Depois vai para a cantina, mas não consegue ficar lá dentro. O cheiro de coxinha que era tipo a coisa que ela mais amava só depois de brigadeiro, agora deixa ela enjoada. Sai correndo, se encosta lá fora. Respira um, dois, três, não entendeu nada dos múltiplos de três, mas teve uma ideia boa.

Adolescente grávida em São Paulo - Folhapress

Normalmente não jogaria no recreio. Prefere ficar com as meninas, numa casinha de bonecas lá no fundo do pátio, mas nesse dia vai até a quadra e pede para ficar no gol. Por favor, só hoje no gol. Eles aceitam. Ela fica parada no meio da trave. Quando a bola vem, corre para segurar com a barriga. Vai, moleque, chuta bem forte na minha barriga.

Ia ser tão perfeito, porque a culpa não ia ser dela. Ela escutou o papo na sala de casa: se tirar, ela pode ser condenada, tipo uma assassina. A bola não pode ser condenada, tipo uma assassina. Ô, seu juiz, foi a bola que matou aquilo que ia ser meu filho. E meu irmão. Então a bola iria presa, se bola fosse presa. E ela não ia precisar contar para ninguém aquela situação estranha: que um filho também pode ser um irmão. E ela não ia ter que sair da escola, nem deixar os amigos, nem perder nem a festa de aniversário da Flávia que nunca chamaria ela para ganhar a primeira fatia do bolo se ela estivesse buchuda.

Mas ninguém chuta a bola na barriga. E ela ainda toma um, dois, três frangos, que são múltiplos de não sei quantos frangos, tanto que na volta para a sala chamam ela de frangueira, enquanto ela mata a sede no bebedouro chamam ela de frangueira, mas ainda é melhor do que ser chamada de puta, que é como vão chamar ela quando souberam da notícia.

Tanto que na última aula daquele dia faz um plano: vai pôr tudo numa cartolina.
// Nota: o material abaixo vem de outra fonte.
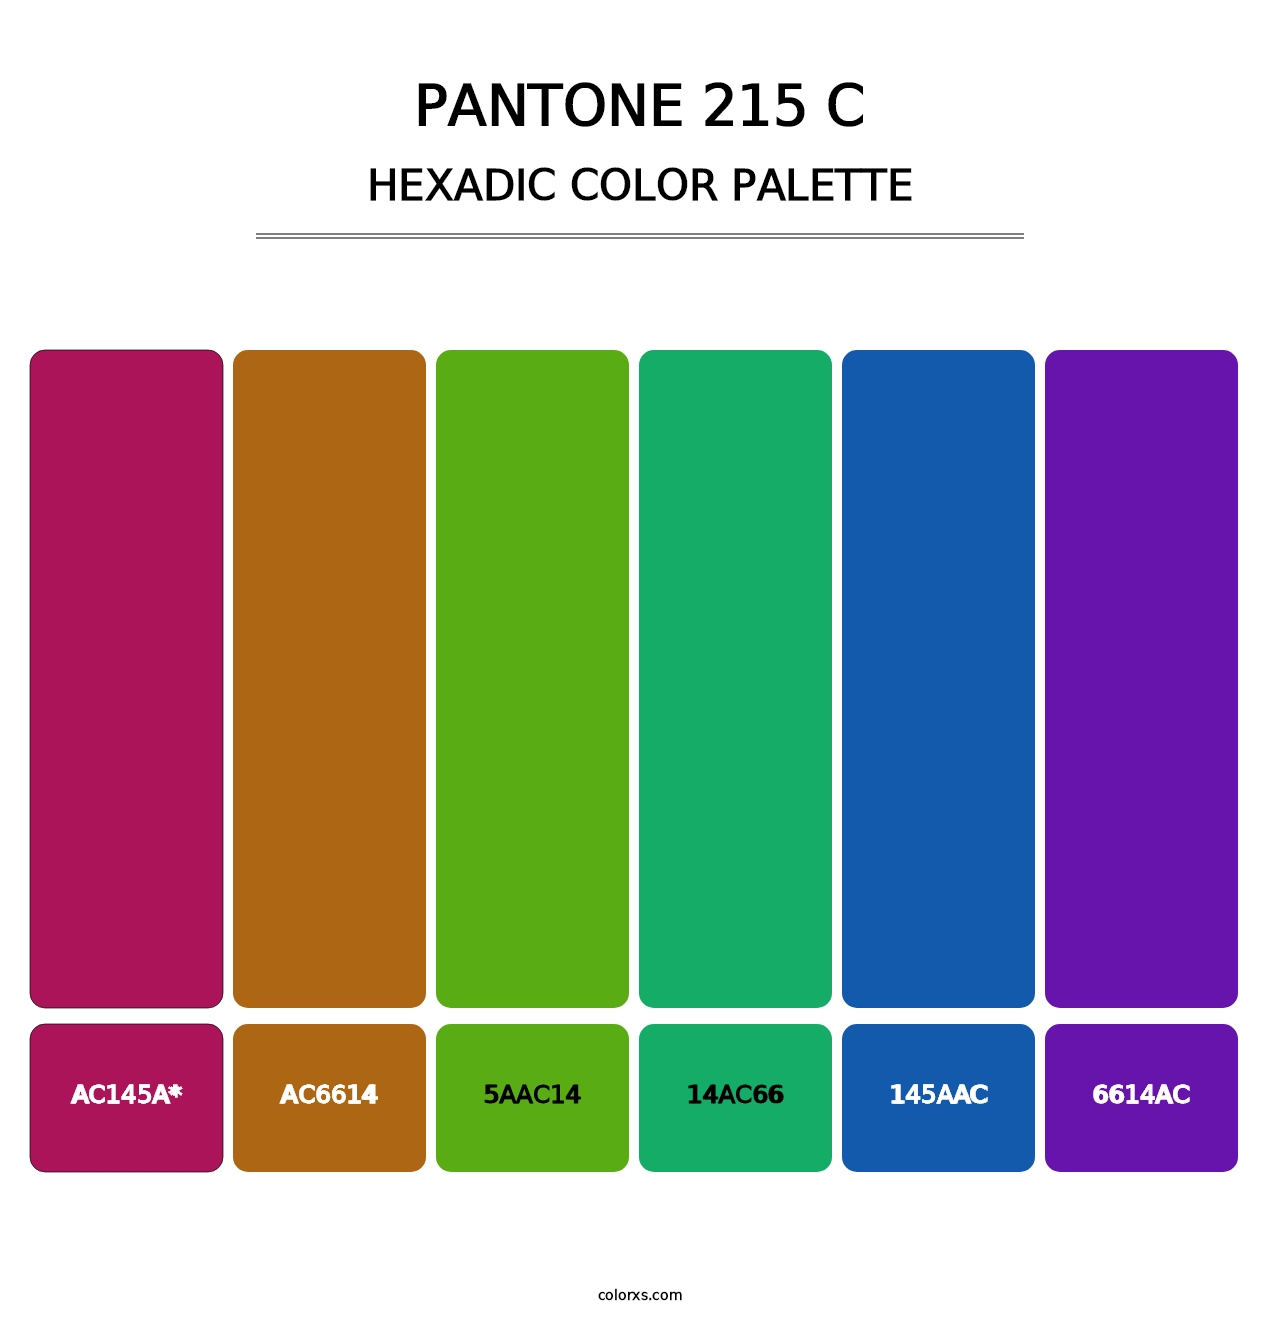 PANTONE 215 C - Hexadic Color Palette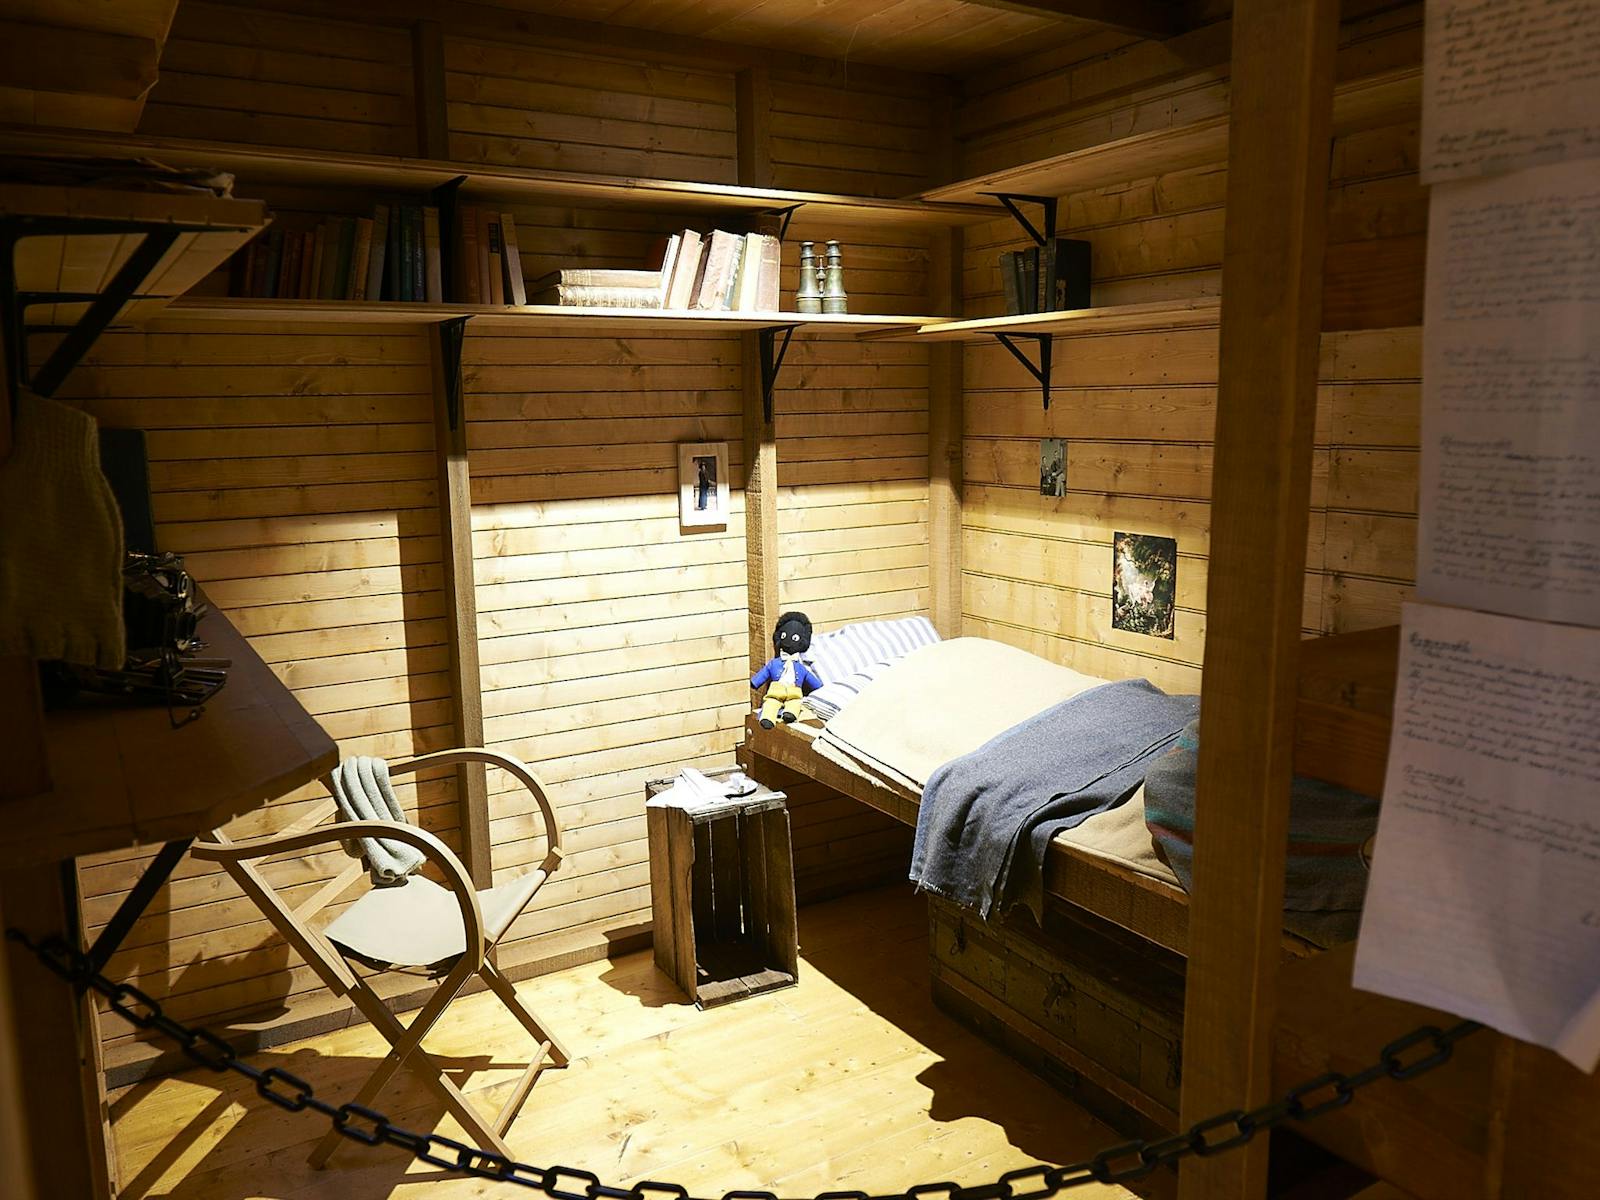 Mawson's Room

Explicar para a classe. Explicar para o seu juiz, que deve ser tipo um juiz de futebol só que mais importante: se eu não fosse com meu pai no quarto quando todo mundo saía de casa, ele me batia. E batia feio. E mentia que foi por outro motivo.

Quando o sinal da saída toca, ela vai até o portão e fica olhando pela grade, esperando a mãe aparecer. Mas quem vem é ele. Ela bebeu tão pouquinha água para não ter vontade de ir ao banheiro e, mesmo assim, quase se mija toda.

Ele estende aquela mão para ela. Ela pega a mochila, ajeita as alças nos ombros. Pensa em dar as costas e sair correndo a milhão, em cruzar o pátio da escola e ficar lá longe, brincando para sempre de esconde-esconde.